Introduction

Spinal cord injuries (SCIs) are life-changing events. One area commonly affected is employment. Reported employment rates post SCI vary greatly worldwide.1 One review of the US literature reported a range of 21–67%.2 This range may in part be attributed to differences in (1) study samples, including size, setting, composition, employment status at time of injury and method of sample selection; (2) the interval over which employment is examined; (3) how dates of employment are determined; (4) the type of data analyzed; (5) analytic methods; and (6) different definitions of employment.

Most US studies focus on paid employment, however measured or defined, rather than the broader rehabilitation goal of productive activity, such as vocational training or informal work.3, 4 Also, certain predictive factors for employment have been examined extensively.5 These include demographic factors, such as race, measures of functional status, time since injury and education.1, 6, 7 Two factors receiving scant attention are income and insurance. Mackenzie et al.8 examined socio-economic correlates of employment, including age, race, education, social support and income at 6 and 12 months post traumatic injury among those employed at the time of injury. Income and social support were the only two significant factors affecting return to employment, with income having the largest role.

In a retrospective study of 154 individuals with SCI, DeVivo et al.9 found that income did not predict employment status, but that unemployed people with SCI had fewer outside sources of support, including private health insurance, workmen's compensation or other types of benefits.

The effect of health insurance coverage on employment is another area in which data are lacking. The role of health insurance is potentially important as it can affect the course of treatment following a SCI. In the United States, the most common treatment pathway is admission to an acute hospital for immediate treatment post injury, then transfer to an inpatient rehabilitation facility after the patient stabilization. For less severe injuries, transfers to home coupled with outpatient programs or home health care may also be options.

In the United States, no single, nationwide system of health insurance or benefit package exists. People purchase health insurance through private insurance plans, either individually or through their employer, or qualify for insurance through one of two government-sponsored plans, Medicare and Medicaid. Administered by the federal government, Medicare is a uniform, national public health insurance program primarily for elderly people. Medicaid is jointly financed by the states and the federal government, but administered by states alone. It covers certain low-income groups. Approximately 14% of the population receives coverage through Medicare, 13% through Medicaid, 68% through the private health insurance market, with the remainder of the population constituting the uninsured.10 Insurance benefits (hereafter insurance benefits refer to health insurance benefits or arrangements), meaning what health care is paid for by the insurer, for how long and under what circumstances, differ by payers. Insurance arrangements may thus affect the length of stay at a facility or the amount of outpatient or in-home care covered post acute discharge. Insurance through contractual arrangements may also affect the pool of providers available to the person seeking care.

Aside from the impact on care pathways, insurance can also affect incentives to return to work or to seek employment. The majority of people in the private health insurance market obtain insurance through their employers.
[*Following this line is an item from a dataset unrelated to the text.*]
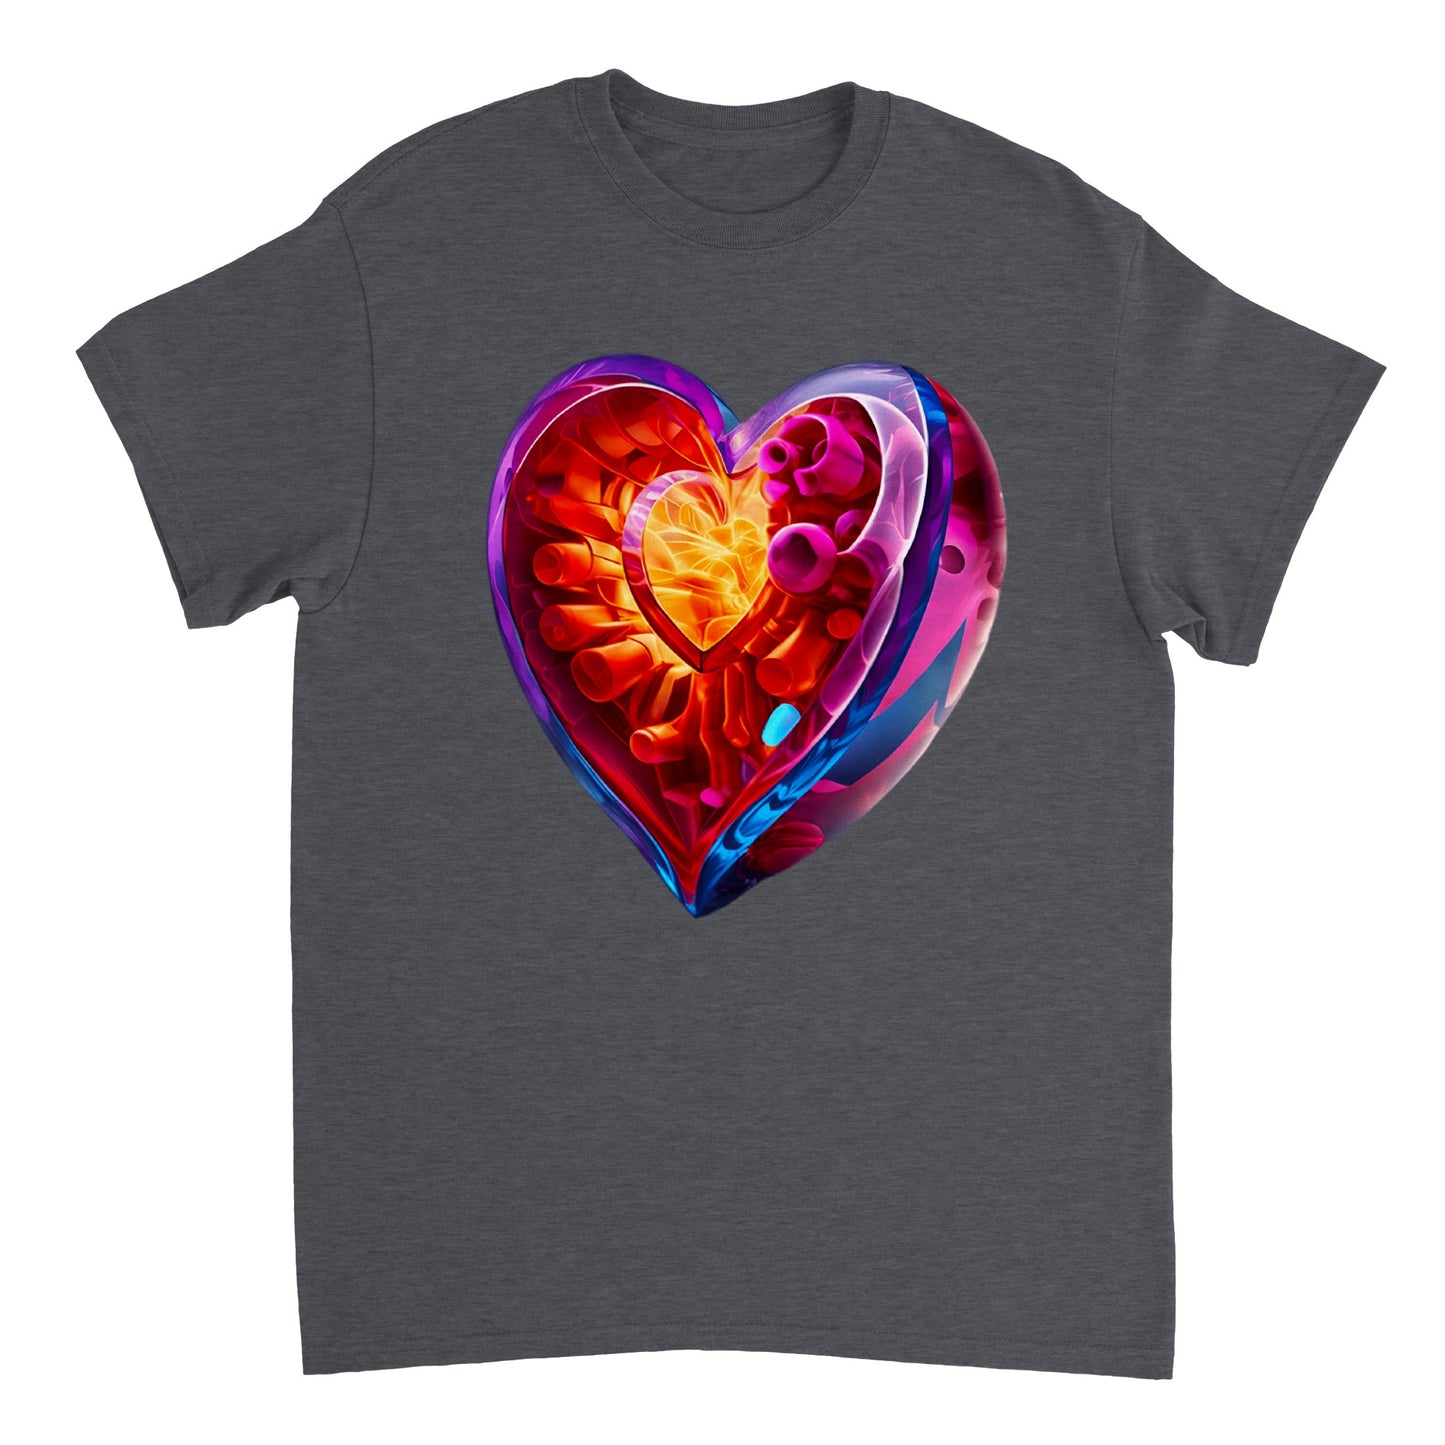 Love Heart - Heavyweight Unisex Crewneck T-shirt 113

Maintaining current insurance can generate a strong incentive to return to work. Alternatively, Medicaid is income dependent and those eligible must ensure they do not exceed certain income levels to remain eligible; thus Medicaid coverage can act as a disincentive to work.

A retrospective, cross-sectional study11 examined the relationship between the current type of insurance: catastrophic (that is, no-fault automobile insurance or worker's disability compensation), Medicaid, and/or private, and functional and psychosocial outcomes for those injured for at least 2 years. People with private health insurance were more likely to be engaged in work and school activities than those with Medicaid or catastrophic coverage. Medicaid sponsored subjects were younger, more often single, non-white, rehabilitated in an urban setting, and unemployed prior to injury.

Purpose

We examined the factors affecting return to productive activities and employment post injury and the time to these events. We focused on two economic factors that to date have received little attention: income level and health insurance status at the time of injury. Additional contributions of this paper are as follows. The sample was gathered from a single facility, which minimizes variation in initial treatment pathways. We followed the sample at monthly intervals from the onset of injury, so the time of events since onset was recorded with relative precision. Problems of attrition, recall bias and observation bias that have been noted in the literature are avoided.7, 12 We examined return to productive activities as a wider rehabilitation goal and focused on return to employment among those employed at injury only, as becoming employed is likely to be a different process than returning to work. We used hazard regression models,13 to account for the varying durations of observation of participants that overcome the limited predictive value of cross-sectional studies.

Materials and methods

We analyzed data on secondary outcomes from a cohort of newly injured people (n=111) who participated in a telerehabilitation intervention. Details of the study intervention have been described in detail elsewhere.14 Briefly, post discharge, participants were interviewed monthly by trained research staff regarding the development of secondary conditions and certain events, such as returning to work. Enrollment was ‘rolling’, so participants were recruited from the rehabilitation hospital as they were discharged.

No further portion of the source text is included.